How Long Does a Metal Roof Last
We’ve used the “longevity” buzzword quite a lot so far. But how long does a metal roof last? Well, as with every other roofing type, it depends.
Some will last up to 40 years, while others will last long enough to outlive the next generation (up to 100 years).
What Affects a Metal Roof’s Longevity
Despite being practically weatherproof, metal roofs are actually affected by intense weather conditions.
The significant temperature changes we can experience in SoCal will break the fasteners holding the roof together over time. That’s because these roofs will expand and contract depending on the temperature.
Also, if your new roof isn’t installed properly, you risk moisture penetrating through it, which will destroy it. That said, if your roofing contractor has experience with metal roof installations, you won’t have to worry about any issues.
What Are the Main Metal Roofing Components
Metal roofing components aren’t that different from what’s used in most roofs. You’ll still find general parts of a roof, like valleys and gables. But, there are some components that differ, these being:
- Fasteners and Clips
- Sealant and Closures
What Are the Benefits of Metal Roofing
So, now that we’ve covered some of the key information about these roofs, let’s see why there’s so much hype around them.
We’ve already thoroughly covered this, but we can’t stress it enough. Even in a worst-case scenario, a metal roof will last you around 40 years, with most actually lasting between 50-75 years.
From the Santa Ana winds to the heatwaves in the summer and the rare snow in the winter, metal roofs will brush them all off.
Oh, and did we mention that they are also fireproof? So, even if a lightning bolt strikes it (a very rare occurrence, contrary to popular belief), it will be just fine.
Unlike other roofing materials, like asphalt-based shingles, metal roofs are 100% recyclable. Plus, most types will be partly composed of recycled materials, adding to their eco-friendliness.
Metal roofs won’t only last long; they’ll also reflect UV rays. In turn, your house will remain cooler during the summer and hotter during the winter, making them very energy-efficient. So, you’re also saving up on the electricity bill!
What Are the Disadvantages of a Metal Roof
With so many benefits, the real question is, what are the disadvantages of a metal roof? And, no, we don’t believe that they’re noisy. Or noisy enough for it to be considered a con.
Look, these are undoubtedly expensive. The initial cost will be very high compared to other roof types. However, they’re long-lasting and energy-efficient, making them a great investment in the long run.
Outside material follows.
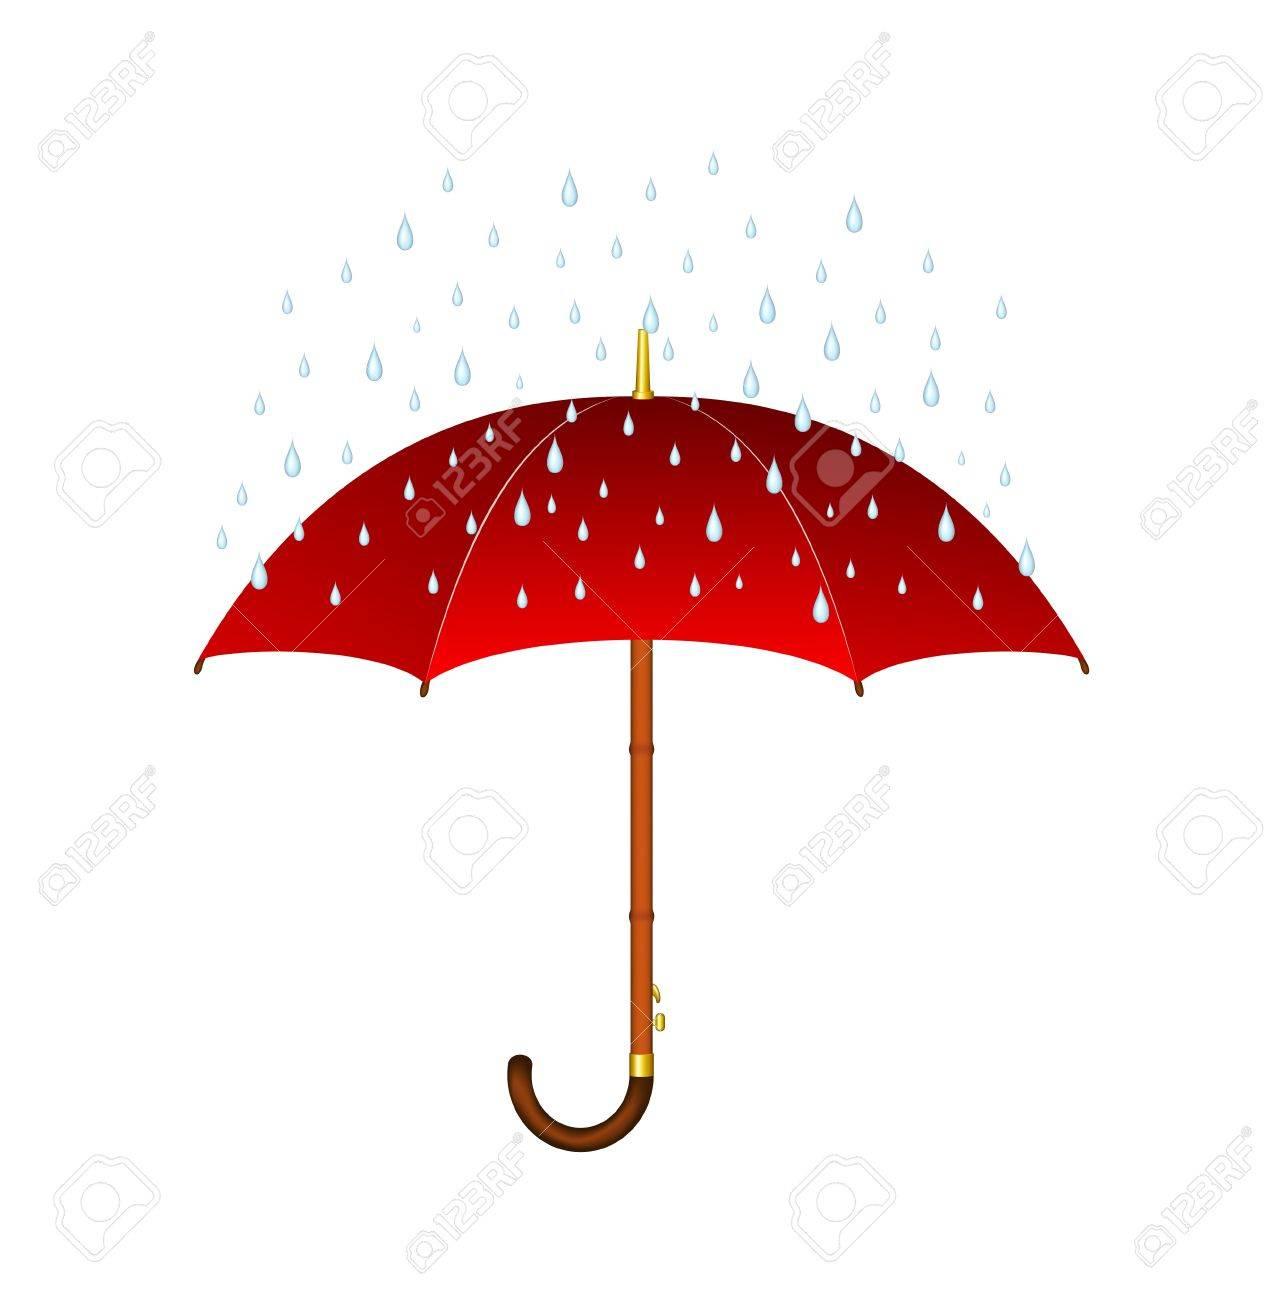 Umbrella In The Rain Clipart.

The biggest disadvantage of a metal roof is that the affordable options are slippery all year round. The more expensive ones will also get slippery once rain or snow hits, though water doesn’t stagnate on them. So, you’ll have to be careful when maintenance time comes around.
Metal Roofing Installation at Its Finest
And that’s about everything there’s to say regarding metal roofing. In general, their benefits significantly outweigh their drawbacks. Plus, they won’t put too much weight on our backs when we install them!